188.8.131.52 Differential Temperature Trends
Subtracting temperature trends at the surface from those in the free atmosphere removes much of the common variability between these layers and tests whether the model-predicted trends in tropospheric lapse rate are consistent with those observed by radiosondes and satellites (Karl et al., 2006). Since 1979, globally averaged modelled trends in tropospheric lapse rates are consistent with those observed. However, this is not the case in the tropics, where most models have more warming aloft than at the surface while most observational estimates show more warming at the surface than in the troposphere (Karl et al., 2006). Karl et al. (2006) carried out a systematic review of this issue. There is greater consistency between simulated and observed differential warming in the tropics in some satellite measurements of tropospheric temperature change, particularly when the effect of the cooling stratosphere on tropospheric retrievals is taken into account (Karl et al., 2006). External forcing other than greenhouse gas changes can also help to reconcile some of the differential warming, since both volcanic eruptions and stratospheric ozone depletion are expected to have cooled the troposphere more than the surface over the last several decades (Santer et al., 2000, 2001; IPCC, 2001; Free and Angell, 2002; Karl et al., 2006).
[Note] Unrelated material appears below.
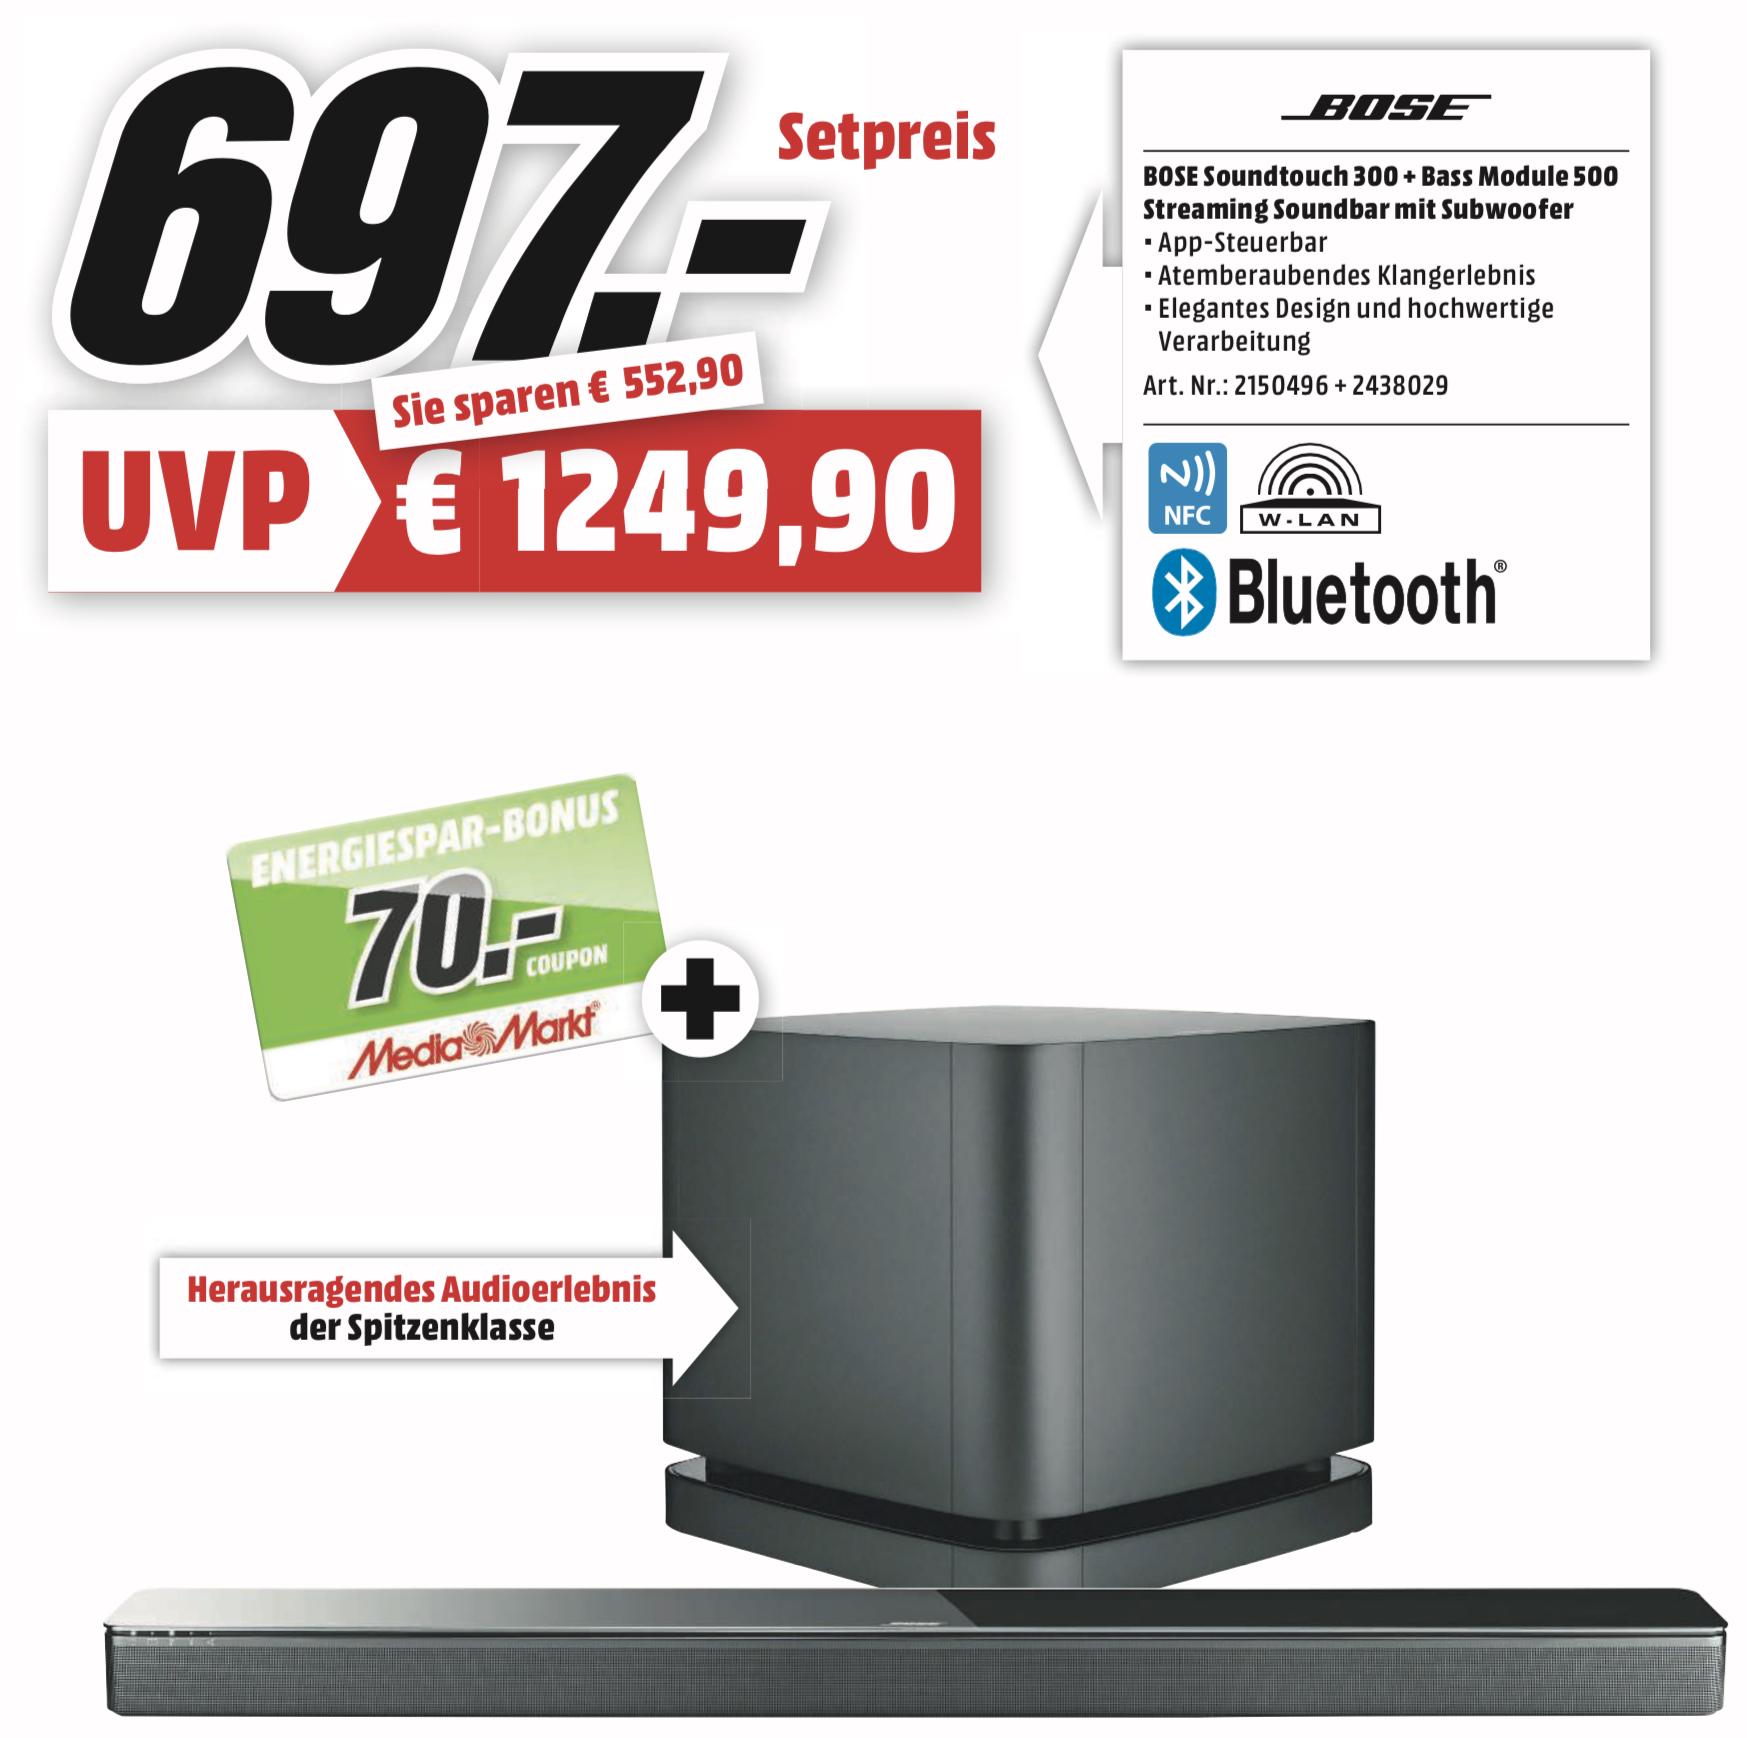 Lokal MediaMarkt Gründau-Lieblos: BOSE Soundtouch 300 + Bass Module 500 Streaming Soundbar mit Subwoofer für 697€ + 70€ Coupon!

There are, however, uncertainties in quantifying the differential cooling caused by these forcings, both in models and observations, arising from uncertainties in the forcings and model response to the forcings. Differential effects of natural modes of variability, such as ENSO and the NAM, on observed surface and tropospheric temperatures, which arise from differences in the amplitudes and spatial expression of these modes at the surface and in the troposphere, make only minor contributions to the overall differences in observed surface and tropospheric warming rates (Santer et al., 2001; Hegerl and Wallace, 2002; Karl et al., 2006).
A systematic intercomparison between radiosonde-based (Radiosonde Atmospheric Temperature Products for Assessing Climate (RATPAC); Free et al., 2005, and Hadley Centre Atmospheric Temperature (HadAT), Thorne et al., 2005) and satellite-based (RSS, UAH) observational estimates of tropical lapse rate trends with those simulated by 19 MMD models shows that on monthly and annual time scales, variations in temperature at the surface are amplified aloft in both models and observations by consistent amounts (Santer et al., 2005; Karl et al., 2006). It is only on longer time scales that disagreement between modelled and observed lapse rates arises (Hegerl and Wallace, 2002), that is, on the time scales over which discrepancies would arise from inhomogeneities in the observational record. Only one observational data set (RSS) was found to be consistent with the models on both short and long time scales. While Vinnikov et al. (2006) have not produced a lower-tropospheric retrieval, their estimate of the T2 temperature trend (Figure 3.18) is consistent with model simulations (Karl et al., 2006). One possibility is that amplification effects are controlled by different physical mechanisms on short and long time scales, although a more probable explanation is that some observational records are contaminated by errors that affect their long-term trends (Section 3.4.1; Karl et al., 2006).